LUVOIR is designed to be an excellent universal tool, designed for great discoveries in the fields of astrophysics and planetology. Among its potential features: direct observation of exoplanets and search for biosignatures. The telescope will be able to search for planets of various classes, from hot Jupiters to “super-earths”. In addition, LUVOIR will make it possible to deduce observation of objects in the solar system to a completely different level.
Enceladus, as seen by “Hubble” (left) and how he sees LUVOIR (right)
If desired, we can look into any corner of the universe, expanding the horizons of its apparent magnitude, and also consider the much smaller objects that was not able to see “Hubble”. With the help of LUVOIR, the studies of the earliest galaxies and stars will be conducted, as well as calculations of the distribution of dark matter in the universe.
Scientists still can not fully understand what happens when the star gathers enough mass to ignite. LUVOIR will be able to turn its eyes towards the star-forming regions and consider through gas and dust the earliest moments of the birth of the stars and planets that will surround them.
Dreams and Reality
The above apparatuses fueled your enthusiasm for future astronomy? Do not rush to rejoice. The sad news is that the space telescopes presented in today's article practically do not have any chance of one day becoming our eyes, watching the distant boundaries of the cosmic horizon.

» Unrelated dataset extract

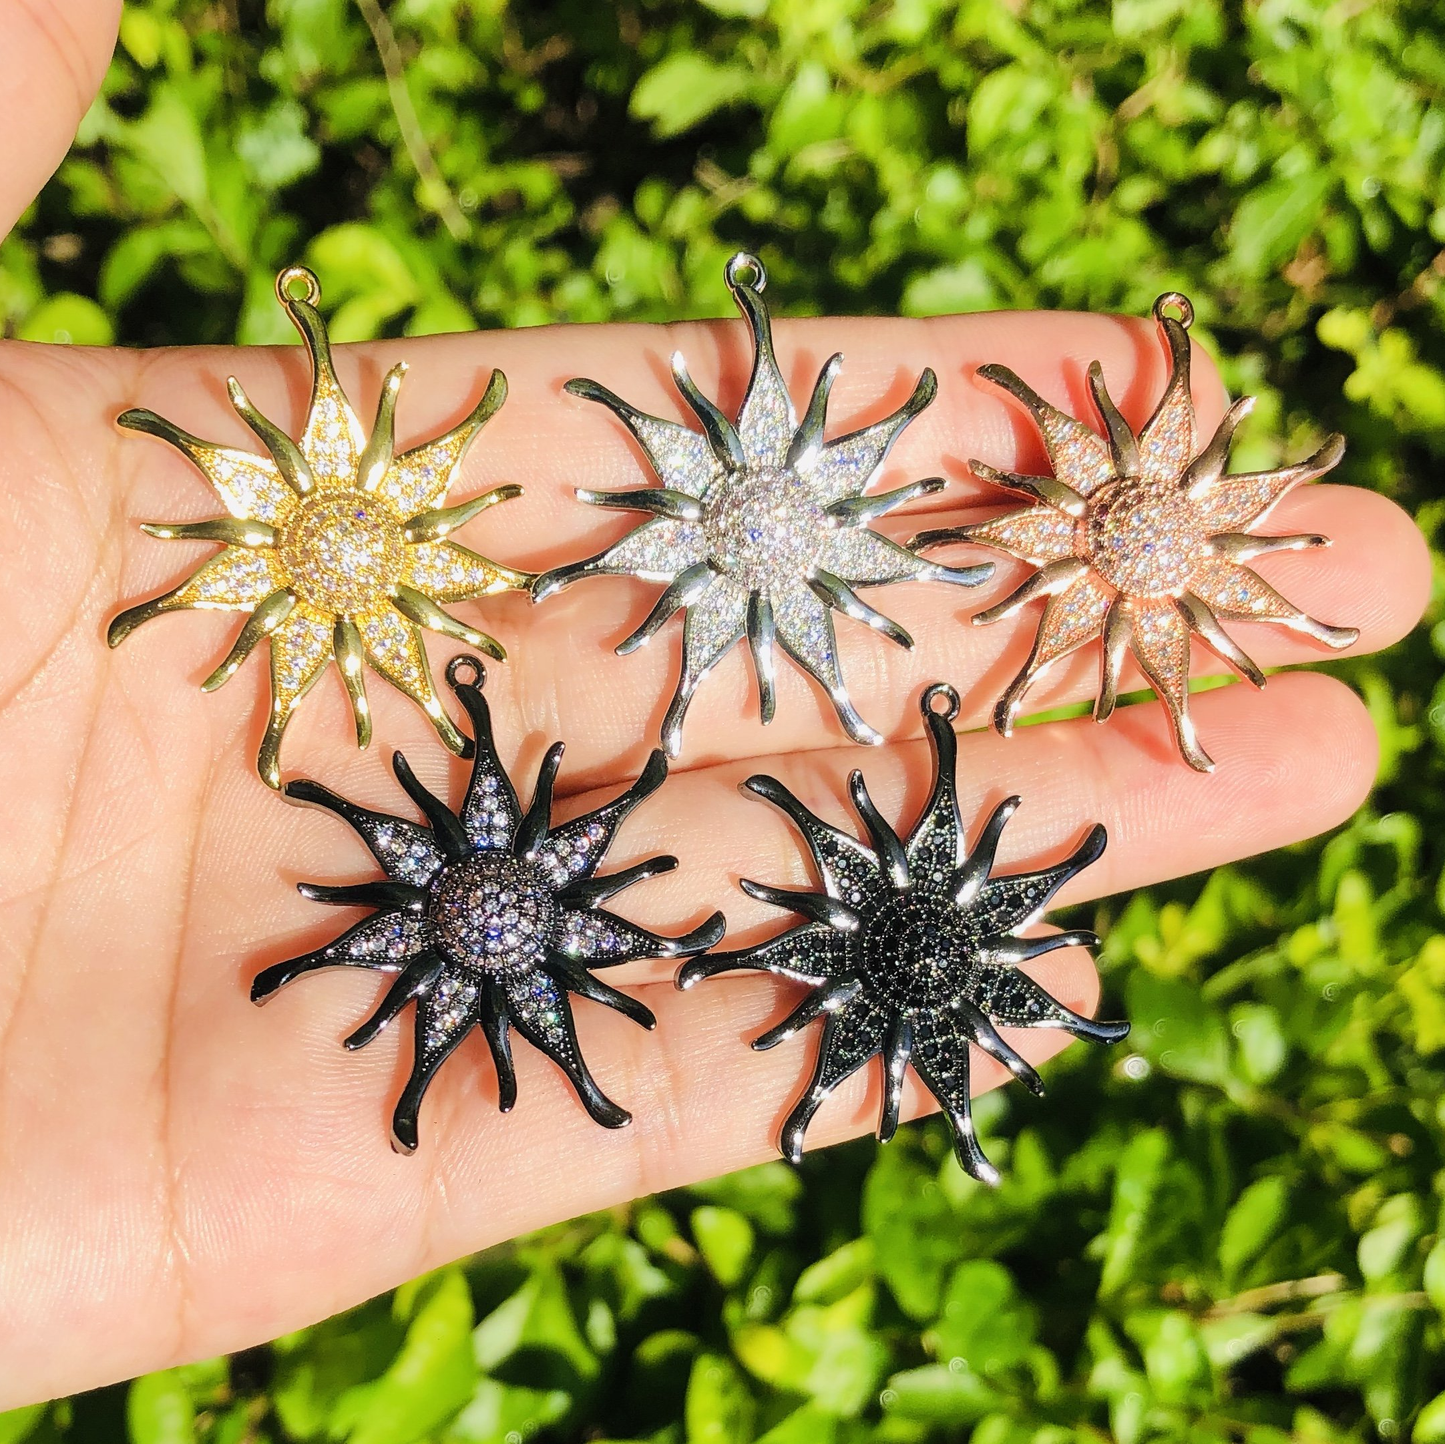 10pcs/lot 35mm CZ Paved Sunflower Charms Mix Color CZ Paved Charms Large Sizes Sun Moon Stars Charms Beads Beyond

Earlier this month, the aerospace agency NASA announced that it was going to limit the appetites of the project planners to create new space telescopes and reduce development budgets to 3-5 billion dollars. Until then, engineers had not even thought about any recommendations, plans for the budget and other bureaucratic things, they simply designed new devices that could bring science to a new level.
The budget of the same telescopes HabEx, Lynx and OST according to preliminary calculations can easily cross the bar in 5 billion dollars. And the same LUVOIR will have to be forgotten altogether – the cost of its creation can easily exceed $ 20 billion.
Even though the US Congress insisted that NASA receive more funds for development, the aerospace agency itself decided to moderate as their appetites, and the appetites of their contractors. And given how much the creation of the James Webb, the advanced space telescope, and how things are going with it now, it becomes quite clear why NASA decided to take such a step.
Initially, the James Webb development project was estimated at something between $ 1.6 and $ 3.5 billion. Within the framework of this budget the device was planned to be launched in the period from 2007 to 2011. At the moment, the launch is scheduled for the earliest – for May 2020. At the same time, the development budget for the Congress estimates is already 8.8 billion dollars, and in 2 years it can increase to 10. It would be a mistake to think that only we can “cut” budget funds. But, it's not so bad. The main problem is how irresponsibly the main contractors are assembling the device.
In the last vibration test, engineers found that screws and washers were pouring from the telescope. For a minute, it's not about assembling a chest of drawers from IKEA, where in that case you could just say: “and so it goes.” It's about a telescope, for almost $ 9 billion.
Financial appetites are growing not only among the creators of the James Webb space telescope. With an initial estimate of $ 2 billion, the current estimated cost of developing the WFIRST telescope is already $ 3.9 billion.
Simple scientists hope that all these devices will sooner or later be put into orbit. Will this happen before the middle of the 2030s, as was originally planned in the programs? We need a real miracle. To this miracle, it remains to hope for researchers who believe that these devices will be able to make new important discoveries in astronomy.